Data for the task:
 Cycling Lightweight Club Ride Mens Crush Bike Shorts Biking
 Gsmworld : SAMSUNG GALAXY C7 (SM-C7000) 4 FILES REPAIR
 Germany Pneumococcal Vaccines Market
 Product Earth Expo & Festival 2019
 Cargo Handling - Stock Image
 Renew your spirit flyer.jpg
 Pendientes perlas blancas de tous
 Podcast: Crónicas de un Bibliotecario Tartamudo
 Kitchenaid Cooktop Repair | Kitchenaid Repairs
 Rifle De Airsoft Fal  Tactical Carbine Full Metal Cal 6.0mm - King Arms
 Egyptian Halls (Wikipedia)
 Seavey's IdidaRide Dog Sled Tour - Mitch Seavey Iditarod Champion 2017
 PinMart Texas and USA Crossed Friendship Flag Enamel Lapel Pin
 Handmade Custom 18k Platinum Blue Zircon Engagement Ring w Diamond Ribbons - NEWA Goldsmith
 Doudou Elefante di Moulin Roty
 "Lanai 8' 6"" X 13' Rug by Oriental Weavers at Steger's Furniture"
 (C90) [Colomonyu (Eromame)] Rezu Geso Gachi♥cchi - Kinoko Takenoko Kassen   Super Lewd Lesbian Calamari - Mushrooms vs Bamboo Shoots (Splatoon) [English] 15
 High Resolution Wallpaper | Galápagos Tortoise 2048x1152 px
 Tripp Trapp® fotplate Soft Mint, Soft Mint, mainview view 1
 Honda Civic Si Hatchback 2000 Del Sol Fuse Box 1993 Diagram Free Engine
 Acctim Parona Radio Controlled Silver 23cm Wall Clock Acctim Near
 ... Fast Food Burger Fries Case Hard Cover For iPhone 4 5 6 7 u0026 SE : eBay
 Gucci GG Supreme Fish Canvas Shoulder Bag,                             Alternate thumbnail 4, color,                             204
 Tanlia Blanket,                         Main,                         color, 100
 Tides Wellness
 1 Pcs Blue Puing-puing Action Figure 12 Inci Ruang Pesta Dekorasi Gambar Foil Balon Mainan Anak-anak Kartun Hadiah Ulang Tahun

Activity: Give back exactly the lines beginning at the one with "Doudou Elefante di Moulin Roty" and ending at the final line of the material; both boundary lines belong in it.

Answer to the problem:
 Doudou Elefante di Moulin Roty
 "Lanai 8' 6"" X 13' Rug by Oriental Weavers at Steger's Furniture"
 (C90) [Colomonyu (Eromame)] Rezu Geso Gachi♥cchi - Kinoko Takenoko Kassen   Super Lewd Lesbian Calamari - Mushrooms vs Bamboo Shoots (Splatoon) [English] 15
 High Resolution Wallpaper | Galápagos Tortoise 2048x1152 px
 Tripp Trapp® fotplate Soft Mint, Soft Mint, mainview view 1
 Honda Civic Si Hatchback 2000 Del Sol Fuse Box 1993 Diagram Free Engine
 Acctim Parona Radio Controlled Silver 23cm Wall Clock Acctim Near
 ... Fast Food Burger Fries Case Hard Cover For iPhone 4 5 6 7 u0026 SE : eBay
 Gucci GG Supreme Fish Canvas Shoulder Bag,                             Alternate thumbnail 4, color,                             204
 Tanlia Blanket,                         Main,                         color, 100
 Tides Wellness
 1 Pcs Blue Puing-puing Action Figure 12 Inci Ruang Pesta Dekorasi Gambar Foil Balon Mainan Anak-anak Kartun Hadiah Ulang Tahun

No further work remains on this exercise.